Funny thing: Because of that added openness (so to speak), I have a broader range of sexuality now than before I had prostate cancer.
Now about the cock: The facts about ED – and I refuse to call it impotence because that makes you sound like you have no power, that you’re not a force to be reckoned with anymore, and I just don’t buy that – are really glossed over.
You’re most likely to hear something on the order of, “you will get your erections back, but it will be gradual over a couple of years.”
The truth is, there is so much trauma done down there with either the RP or the radiation that the nature of erectile response is changed forever.
The old reliable head-cock connection, say, when you saw something hot walking down the street or a scene in a video that got to you and sprouted your wood – is pretty much gone. Manual stroking is needed most of the time, and with that little bit of help, and those great ED drugs, it’s pretty much like old times.
And there’s no semen any more. The prostate makes almost all the fluid that transports the sperm out of the body so without it nothing comes out, nothing. I spoke to a guy recently who’s about to undergo a RP and this little fact hadn’t been communicated to him by his doctor.
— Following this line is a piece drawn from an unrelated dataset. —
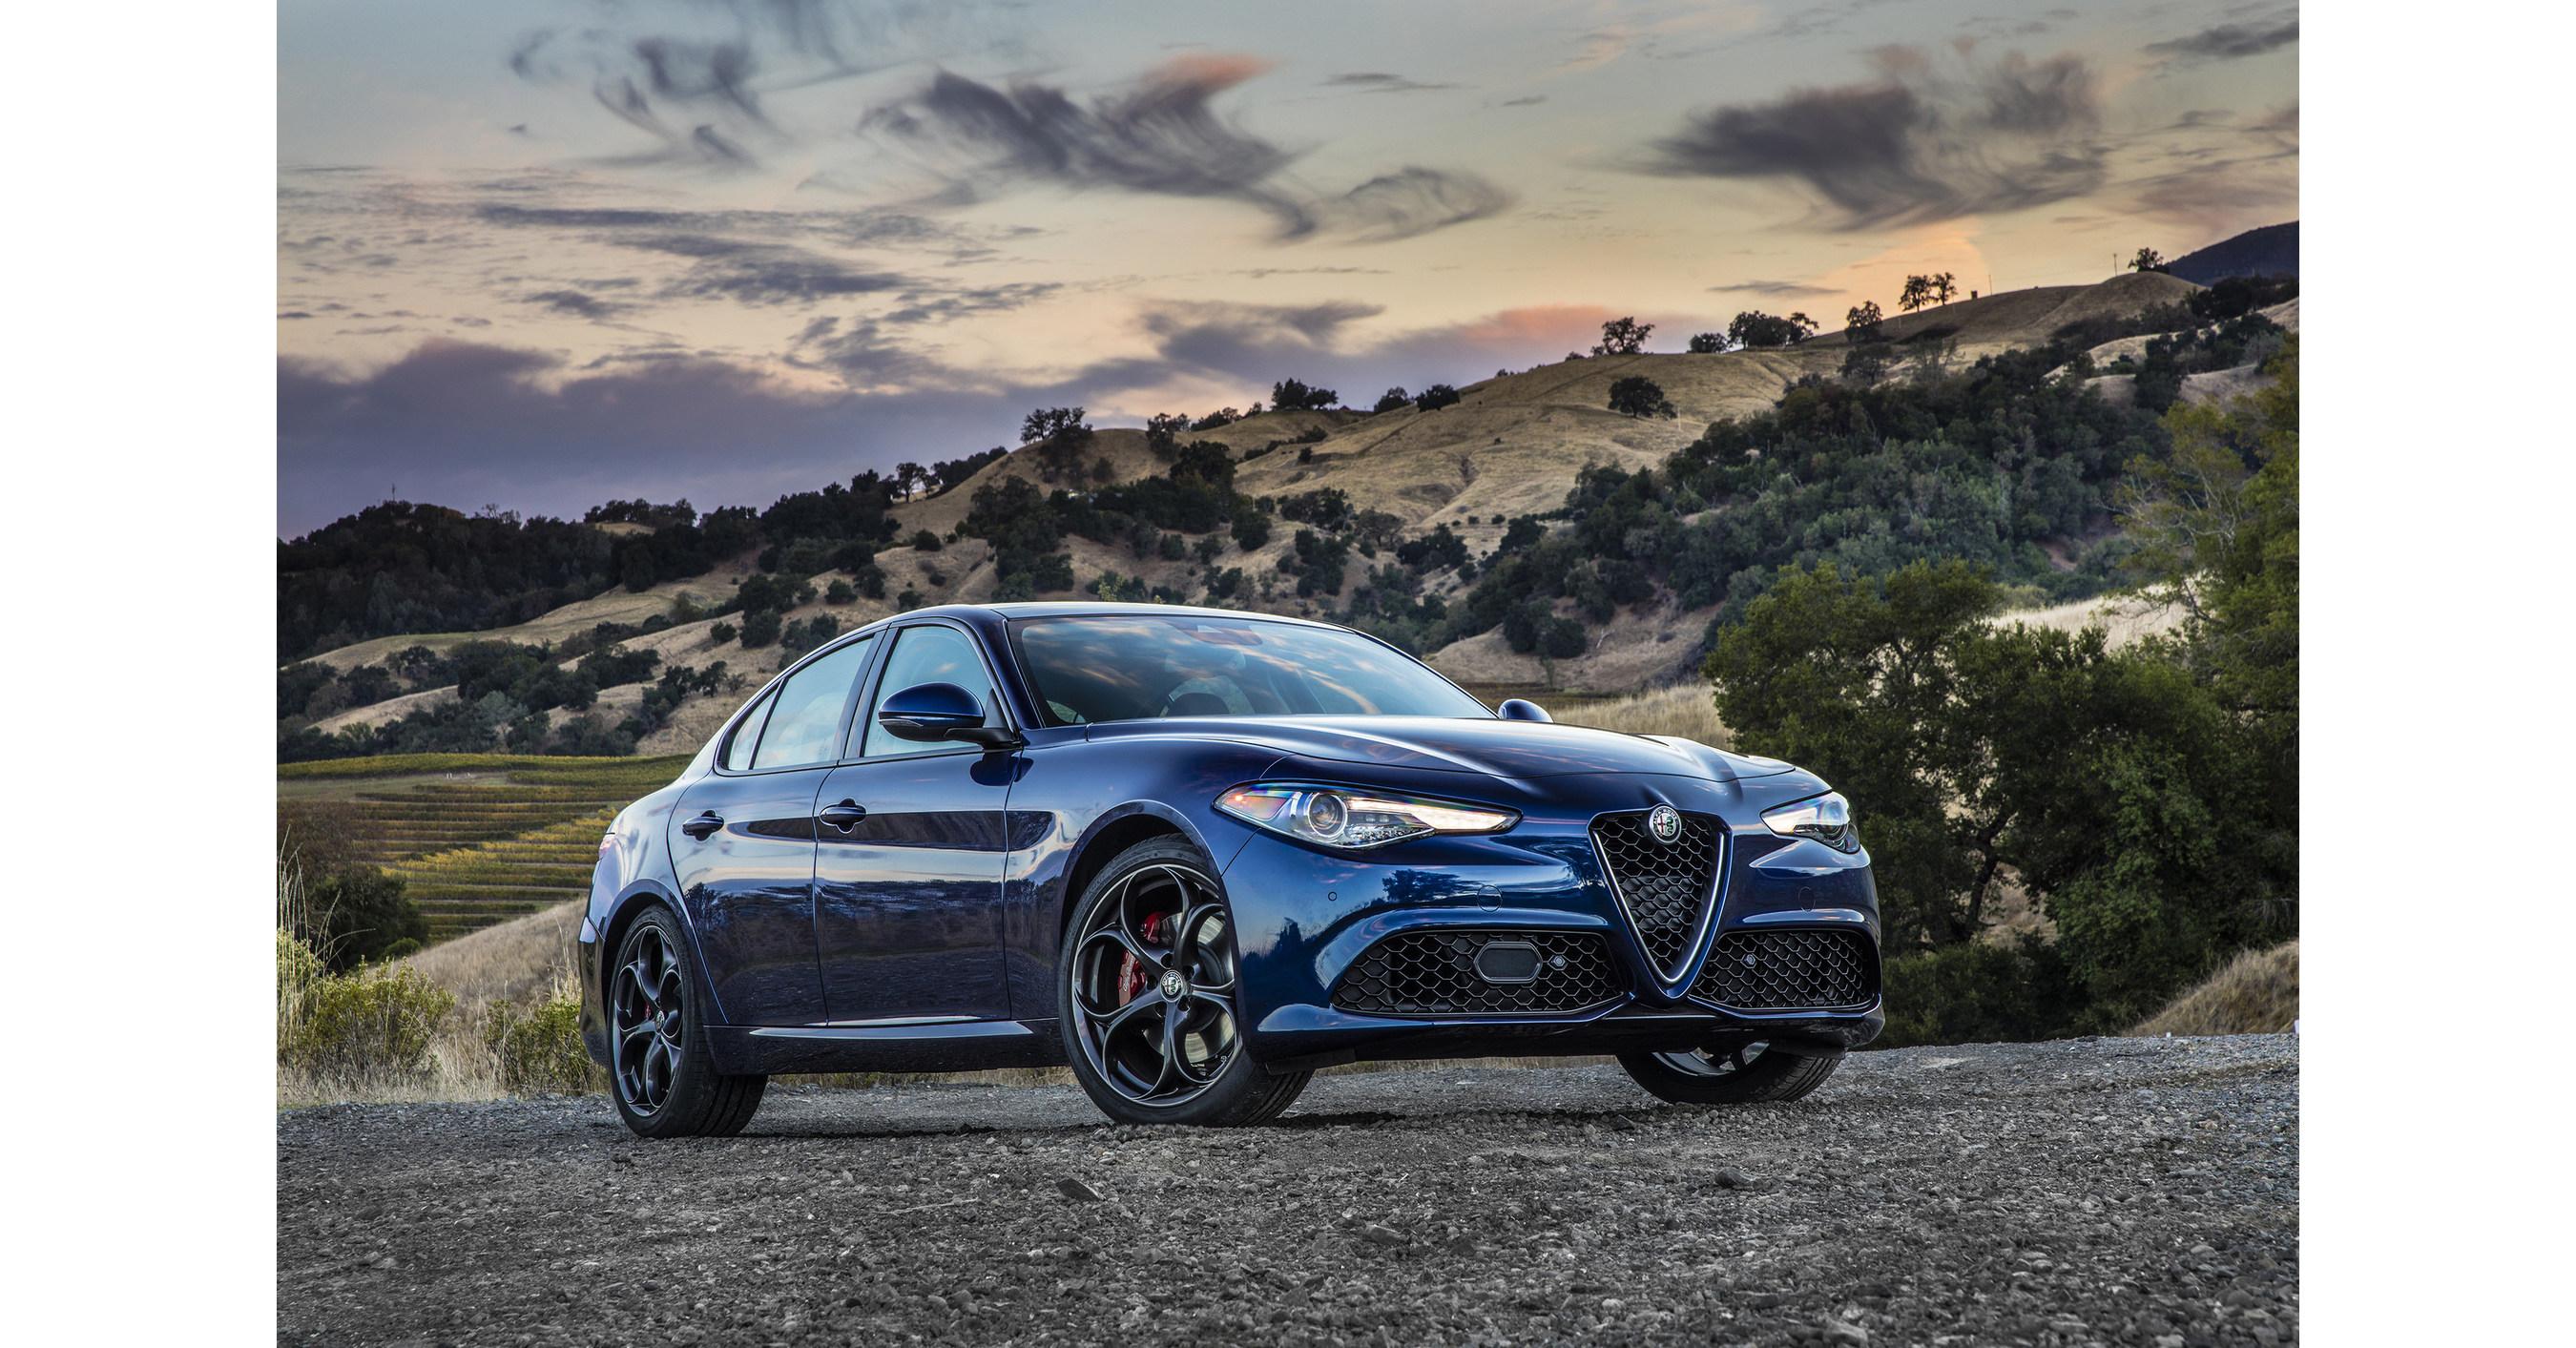 Alfa Romeo Giulia Named Motor Trend's 2018 Car Of The Year®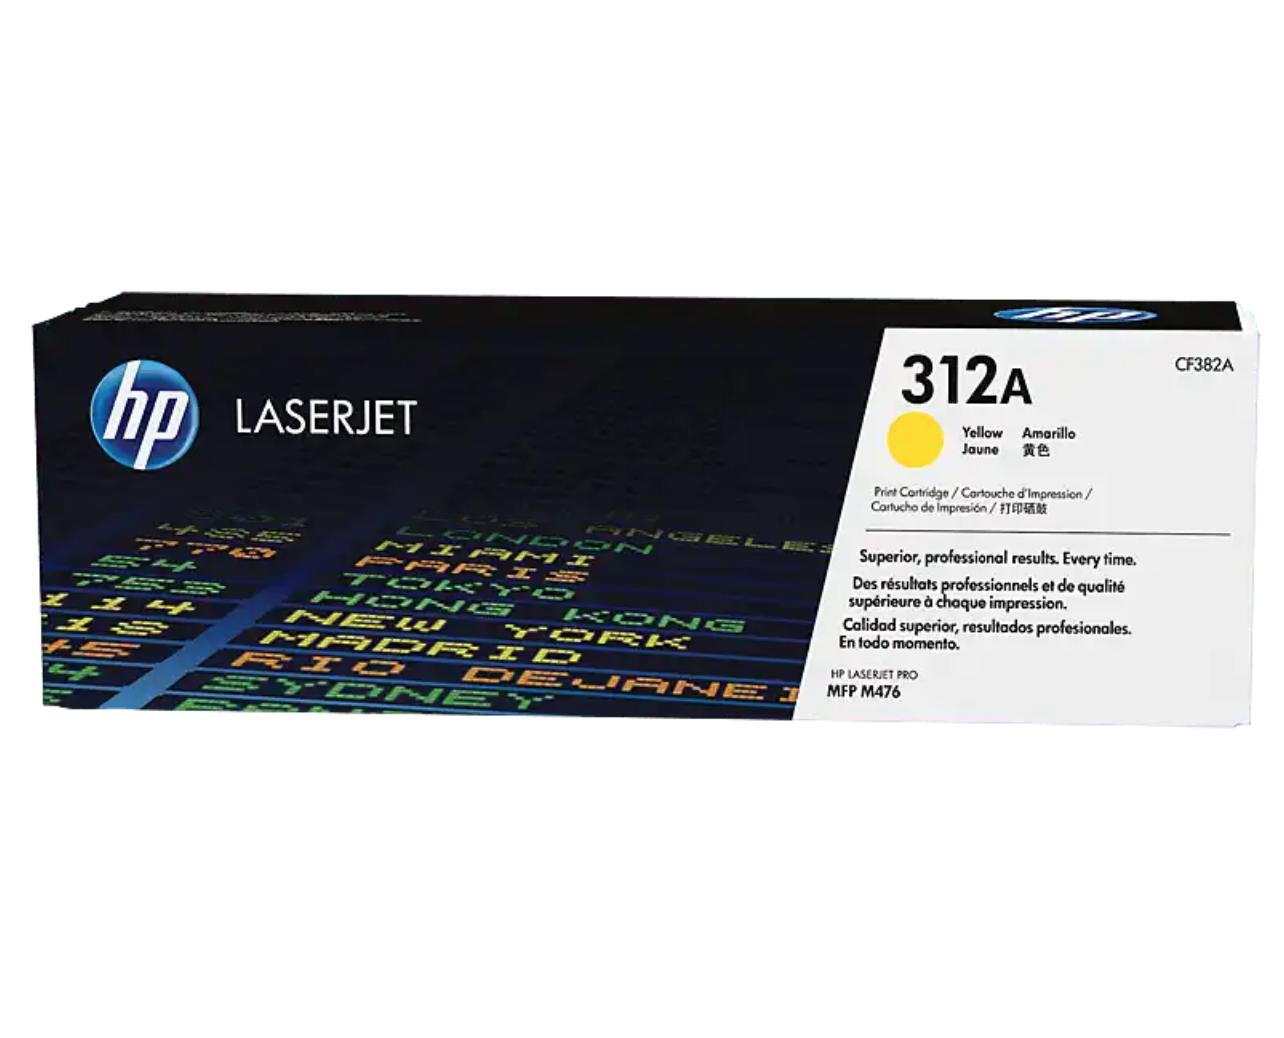 HP 312A 黃色原廠 LaserJet 碳粉 CF382A

Despite the fact that there is no jizz, the orgasm feels the same as it always did. In fact, if I didn’t see my cock actually not shooting out white stuff, I would believe that it had – because that’s what it feels like and I’m grateful for it.
The doctors will also tell you that depression over these changes followed by sexual inactivity will just make matters worse. In other words, “use it or lose it” applies here. My own doctor told me to masturbate daily, even if there was no erection at first. I didn’t realize that an orgasm was possible without an erection – but it is.
After the operation, I had to wear incontinence “shields” for about six months until I stopped leaking, and now that is pretty much a thing of the past, except during a few strenuous activities – sometimes in the weight room, sometimes when dancing – which is called stress incontinence and it’s helpful to wear something additional down there.
Also, curiously, there can be some incontinence during sex, which is usually solved (for me, anyway) by convincing my partner to lie down, as it’s affected by body position. Either that, or to just join me in the shower!
My advice? For any man facing PC I’d say go to support groups, gay, if available, and straight as well. Also, in getting additional medical opinions, to talk to radiologists as well as surgeons, to get their take on treatment. The more you know, the less scared you will be.
As there are no current universally accepted screening guidelines (and they’ve become controversial yet again), my doctor recommended checking the PSA level and having a digital rectal examination once per year for most men over 50, but to start at age 40 for men of African-American descent (who have a higher risk of prostate cancer, for unknown reasons) or for men with first-order relatives (a father or brother) with a history of prostate cancer.
What to tell your sex partners? I still struggle with this, but I have found out that it’s always been more a concern for me than for anybody I’ve had sex with in the years since PC. Most of the time, guys don’t notice anything (are we all that self-centered?) and if they do, you can always have the “conversation” – but I’ve discovered that nothing puts the damper on sexual desire quite as fast as a discussion about cancer does. So beware.
Every year when the holidays roll around I’m reminded to make my appointment for my annual PSA test – which in my case would indicate if the cancer was active again. So far so good, and they tell me the longer it goes on like this the less likely it will be for it to come back.
I’m cautiously optimistic, both about my future with cancer and as a sexual being – and grateful for the opportunity in my life to define what it is that really makes a man.